- DATA SHOWN:
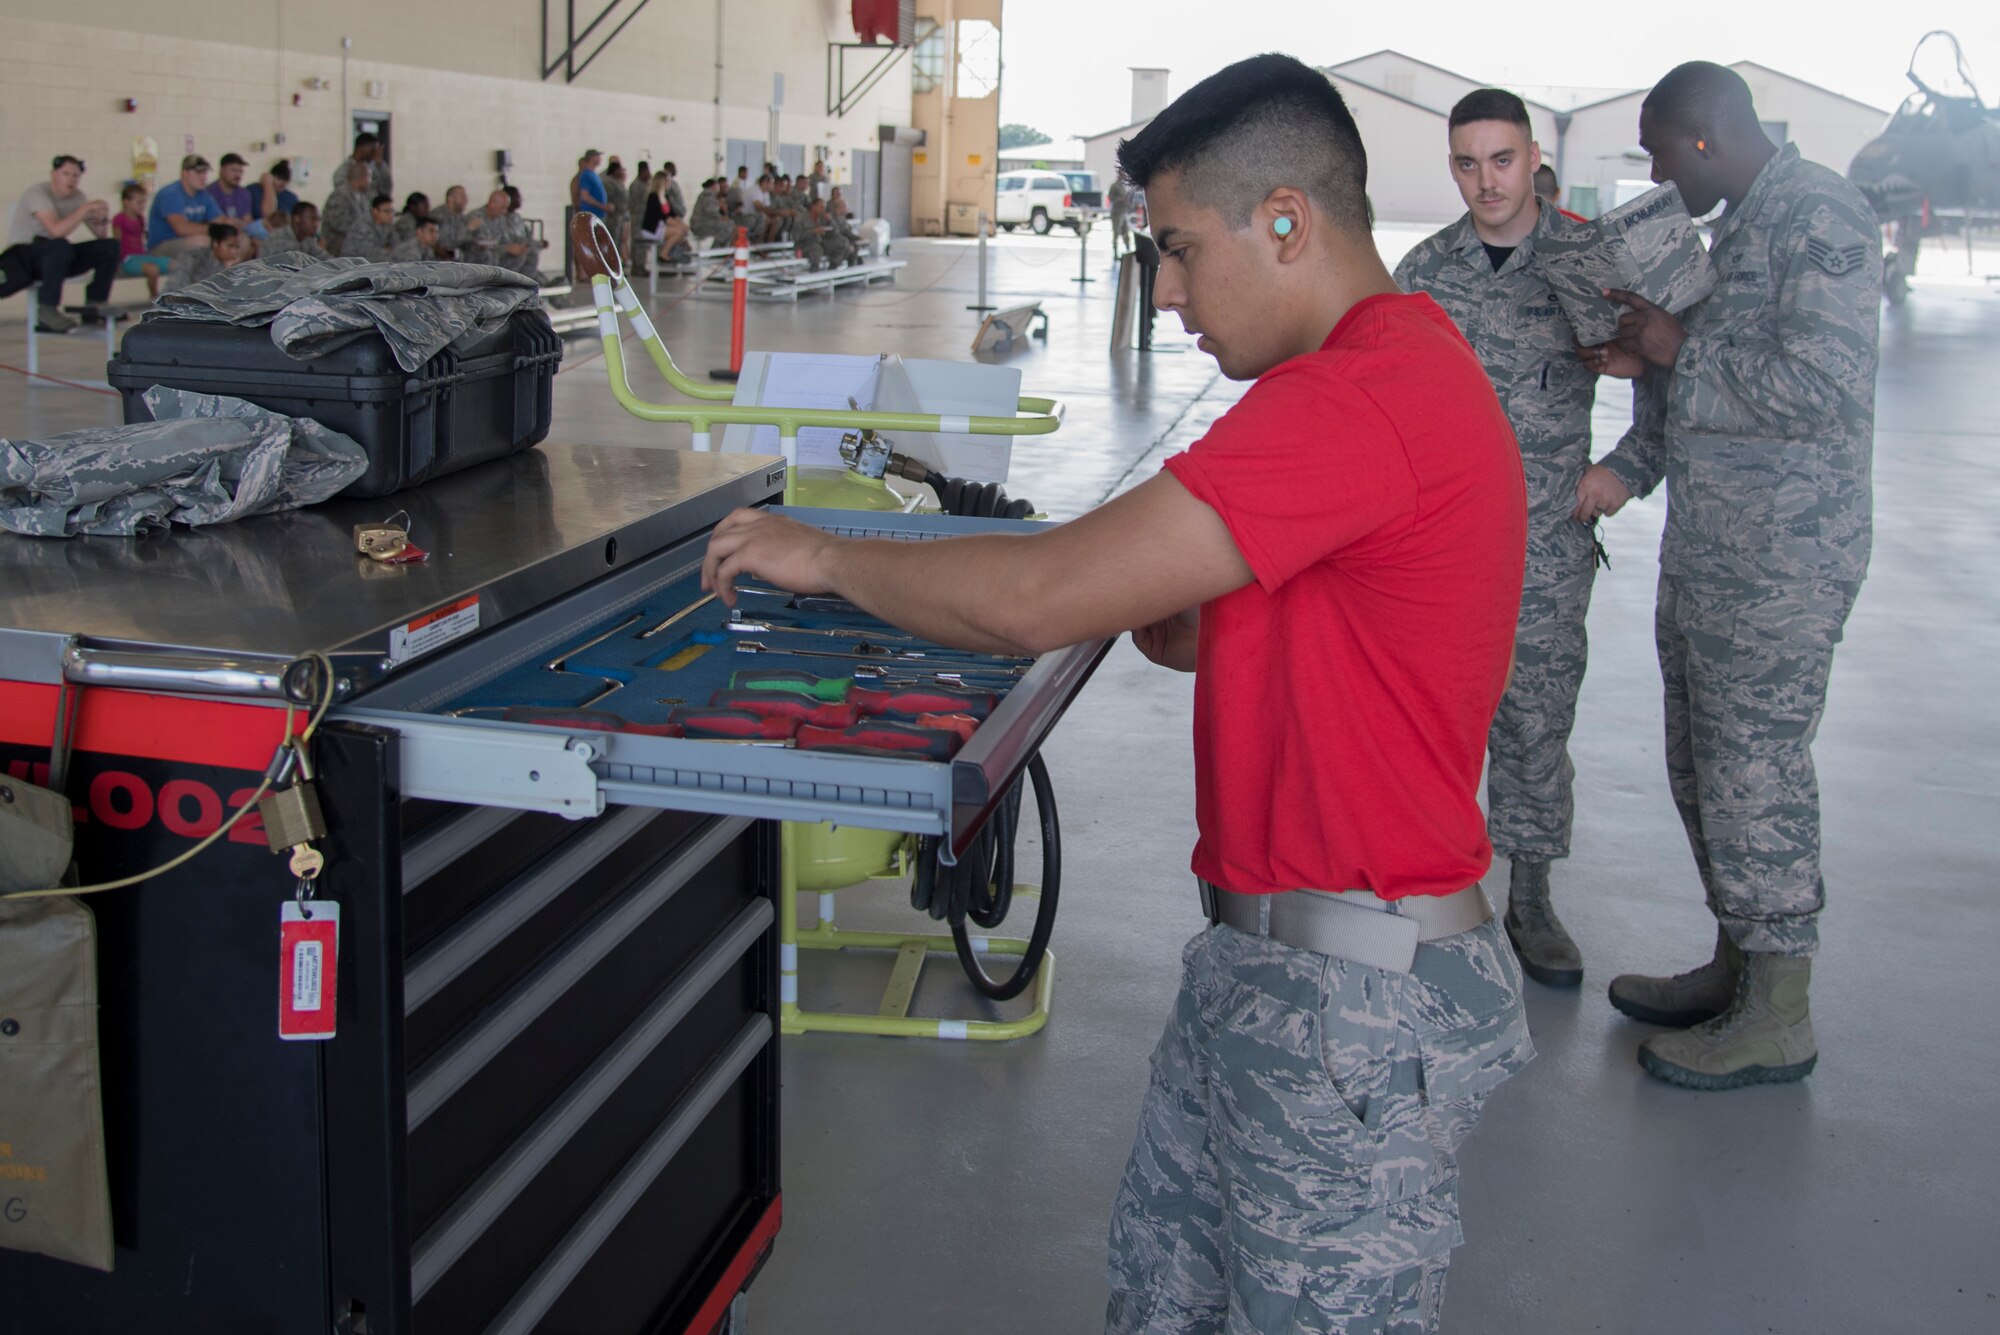 Airman 1st Class Amado Almazan, 75th Aircraft Maintenance Unit weapons load crew member, accounts for equipment during a toll box inspection as part of a weapons load competition, July 14, 2017, at Moody Air Force Base, Ga. Every quarter members of the 74th and 75th AMU competes in the quarterly competition that tests knowledge, dress and appearance, and speed of loading a GBU-12 joint direct attack munition and AIM-9 Sidewinder. (U.S. Air Force photo by Staff Sgt. Eric Summers Jr.)
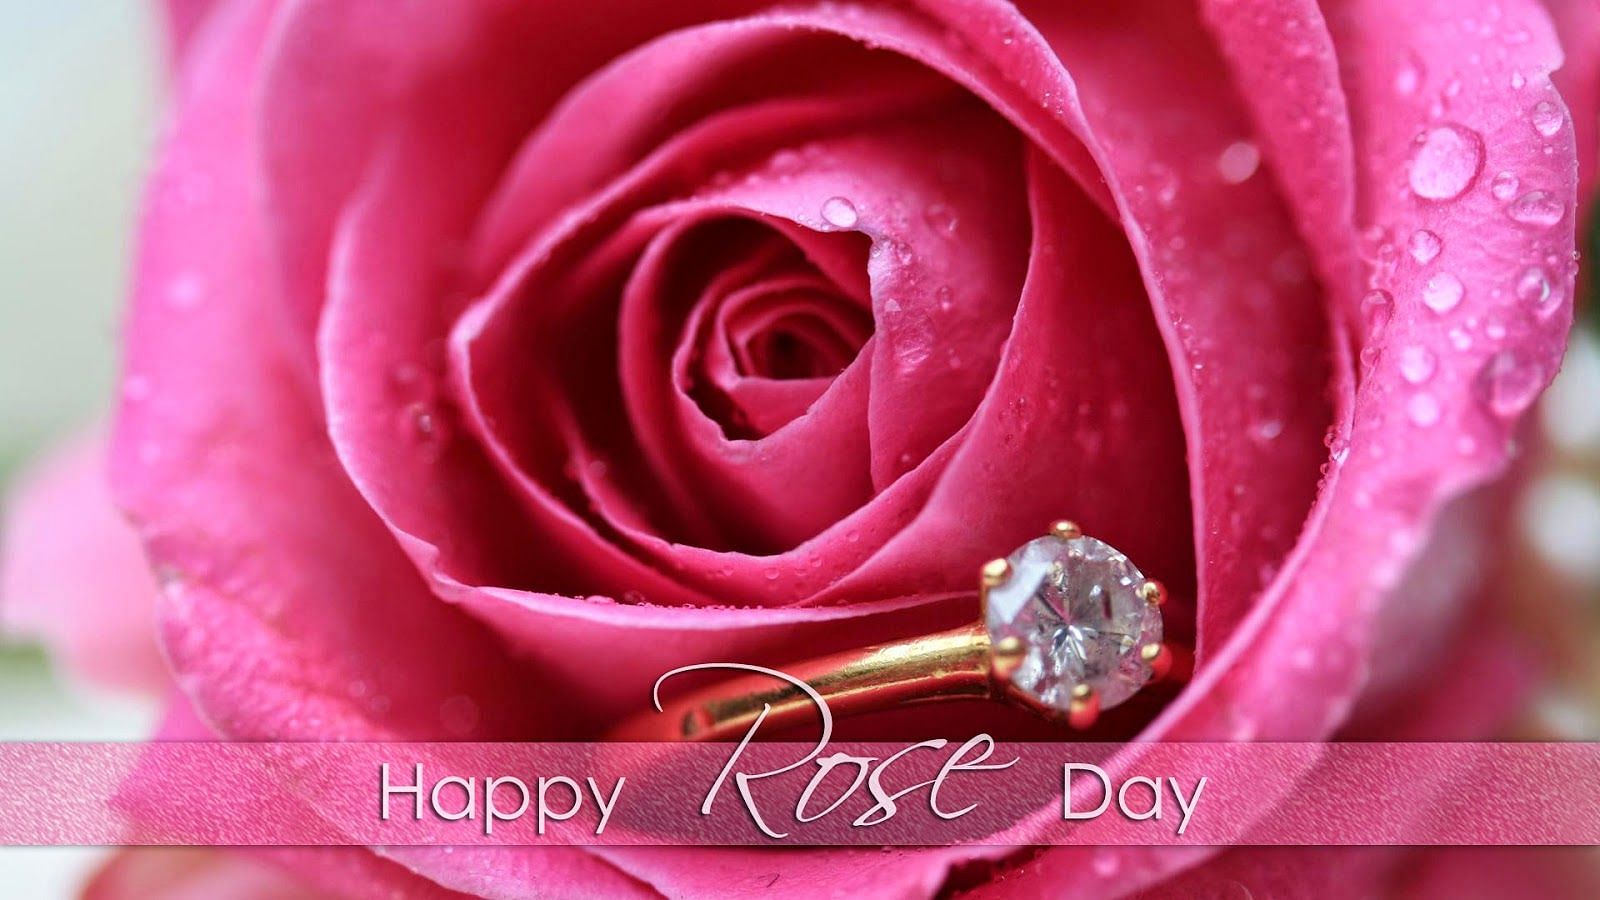 Beautiful Rose Day Wishes Images, 7 Feb Rose Day Images
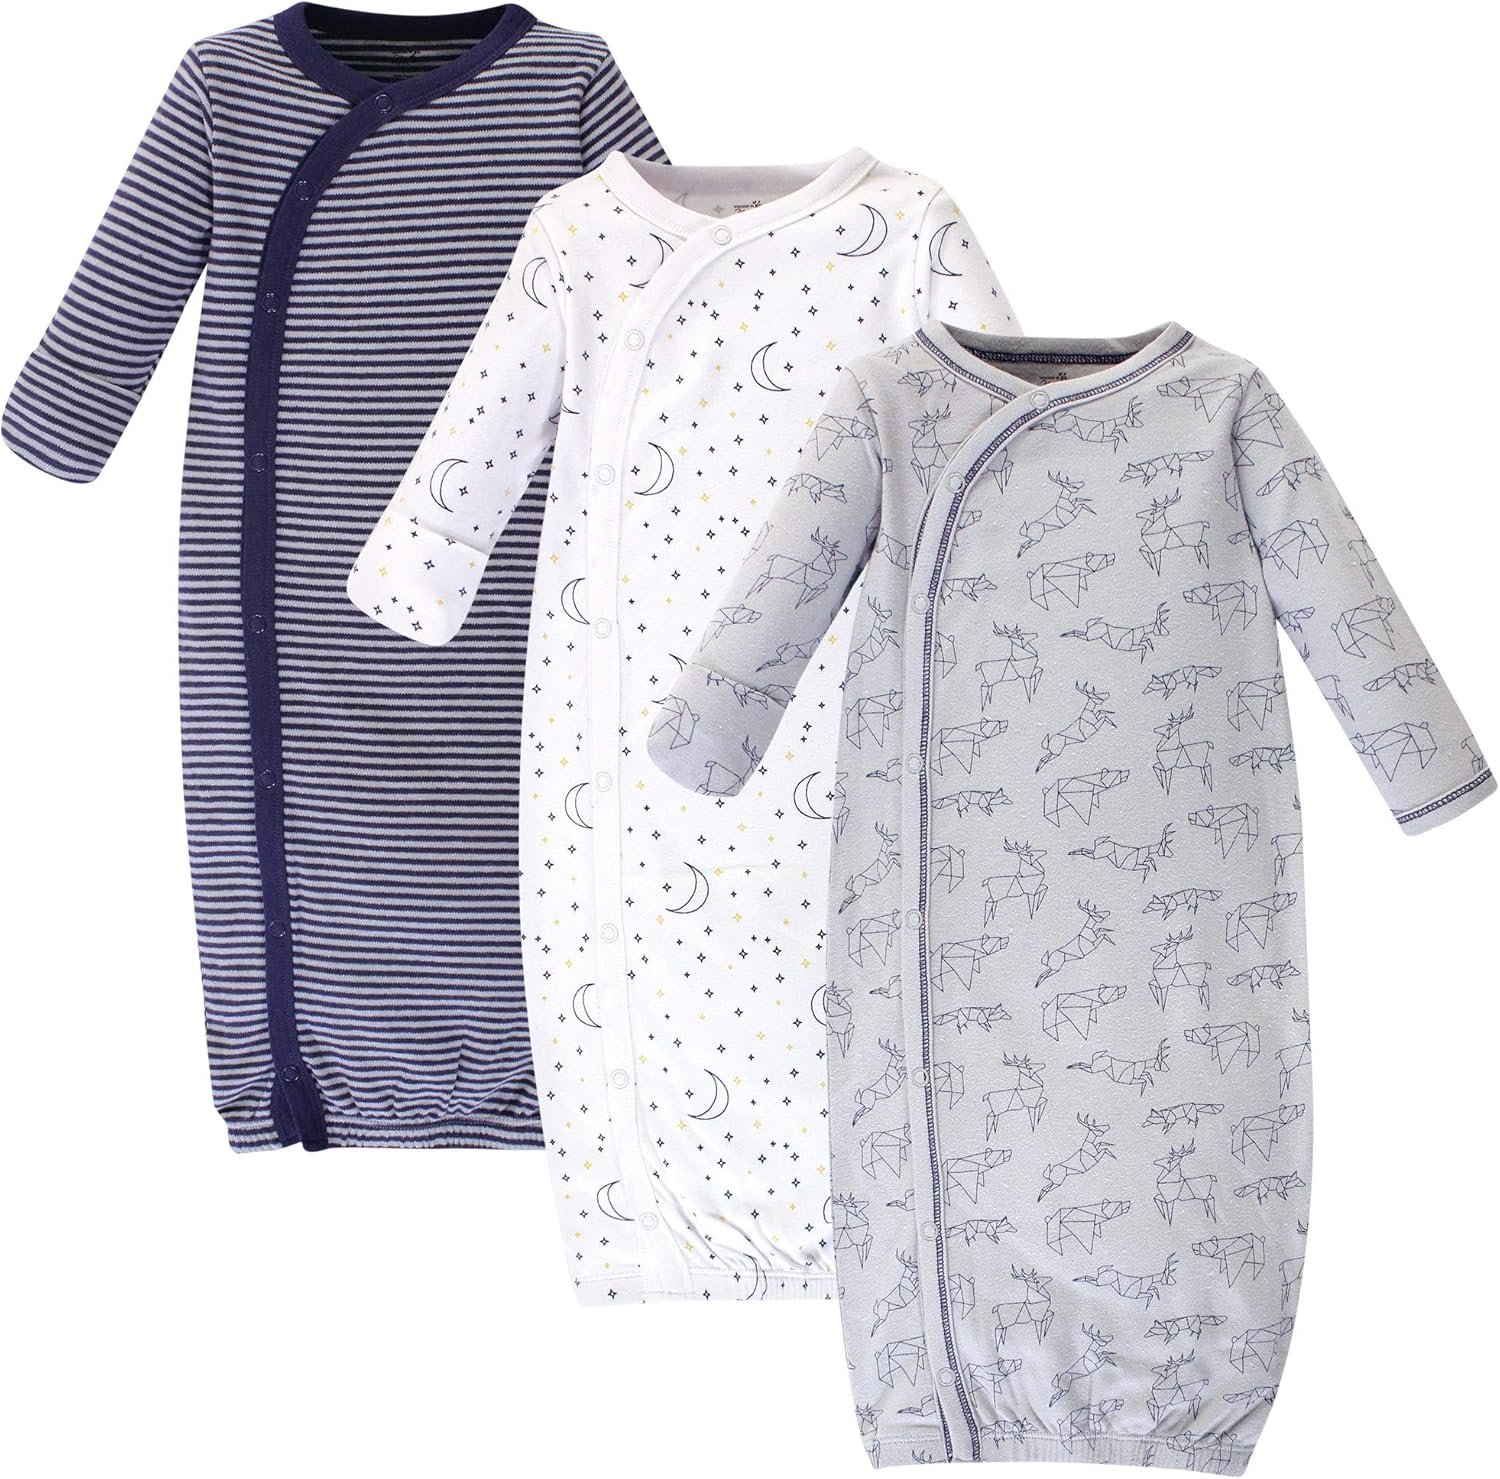 Touched by Nature Baby Girls’ Organic Cotton Kimono Gowns Review

- ASSIGNMENT: Please print the data above once more, exactly and without images.

- SOLUTION TO THE EXERCISE:
 Airman 1st Class Amado Almazan, 75th Aircraft Maintenance Unit weapons load crew member, accounts for equipment during a toll box inspection as part of a weapons load competition, July 14, 2017, at Moody Air Force Base, Ga. Every quarter members of the 74th and 75th AMU competes in the quarterly competition that tests knowledge, dress and appearance, and speed of loading a GBU-12 joint direct attack munition and AIM-9 Sidewinder. (U.S. Air Force photo by Staff Sgt. Eric Summers Jr.)
 Beautiful Rose Day Wishes Images, 7 Feb Rose Day Images
 Touched by Nature Baby Girls’ Organic Cotton Kimono Gowns Review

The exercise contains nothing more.